Some random impressions, treating it strictly as a mobile internet device:

  • It feels heavier than I expected. I can’t just hold it in the air for a long time, like I do with the Kindle.

  • The e-mail reader is very nice. I have two Gmail accounts (one personal, one through my university), and it tells me if I have new mail on either account. I haven’t even figured out how to do that on Google’s own web site. Also the preview works for most common file formats (attachments), which is more than I can say about my Android phone.

  • The display is fantastic, perhaps even better than my Fujitsu tablet PC.

  • Screen auto-rotation is annoying, but fortunately there’s a physical switch to lock the screen orientation. I’ve pretty much kept it in landscape mode.

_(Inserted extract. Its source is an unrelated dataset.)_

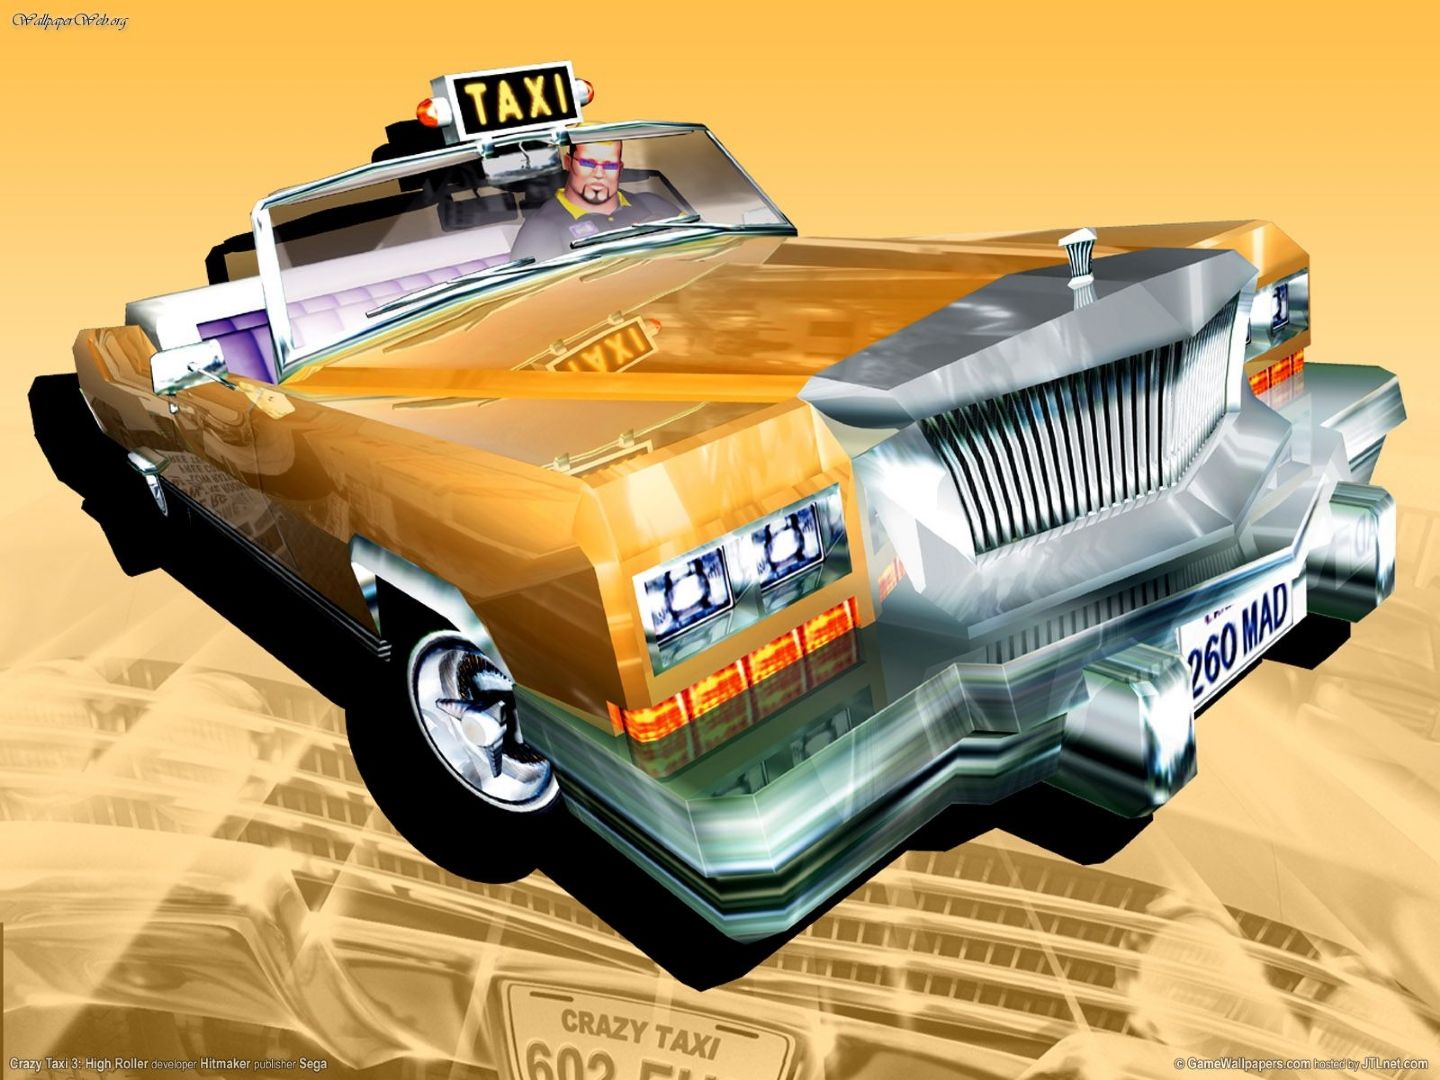 Games: Crazy Taxi 3: High Roller, picture nr. 29359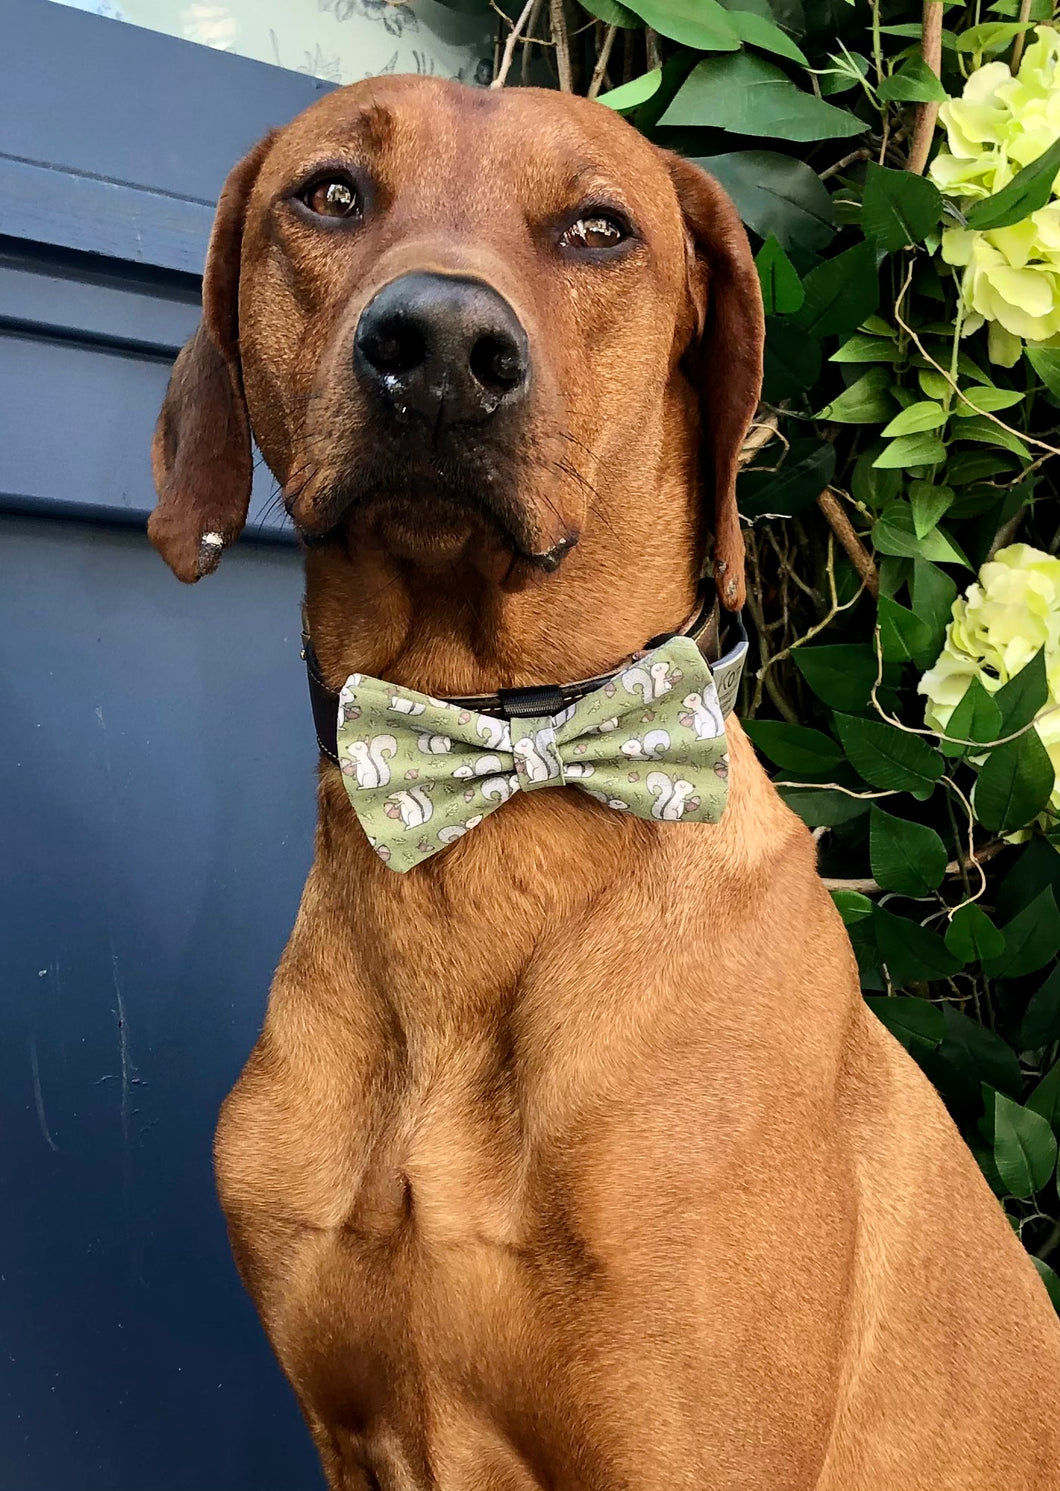 Koa's Ruff Life, Koa in the large green squirrel bow tie. The perfect accessory for the squirrel enthusiast.

  • GPS receiver is very sensitive and accurate. I tried it indoors (in our single-storey house) and Maps showed the current location to the correct part of the house. This alone is a good reason to choose the 3G model over the WiFi-only model, which does not have GPS.

  • In a fairly bright light - like restaurant tables right at the window, at lunchtime - the Kindle is much easier on my eyes than the iPad.

  • I hate the way the zoom works in Safari. With FireFox on a PC, when you zoom in, it increases font size but also reflows the text, wrapping the text to the window width. On the iPad Safari, it literally zooms in to a section of the page, so you have to keep scrolling sideways. Maybe that made sense on the iPhone but it’s stupid for the iPad. I can’t even find the settings for the font size for Safari.

  • The on-screen keyboard is disappointingly bad. It has no feedback, not even that pop-up thing that the iPhone on-screen keyboard has. And why can’t they display the whole keyboard including the number keys?? It’s not like there’s a shortage of screen real estate. It’s really annoying to have to hit a key to switch between the alphabet and the number/symbol keyboard.

THAT’S what I was missing! I kept thinking that it was clearly different somehow - how else was I making so many more mistakes with bigger targets? I may be missing the “K”, but my brain processes that for the next letter my aim’s off by half a character.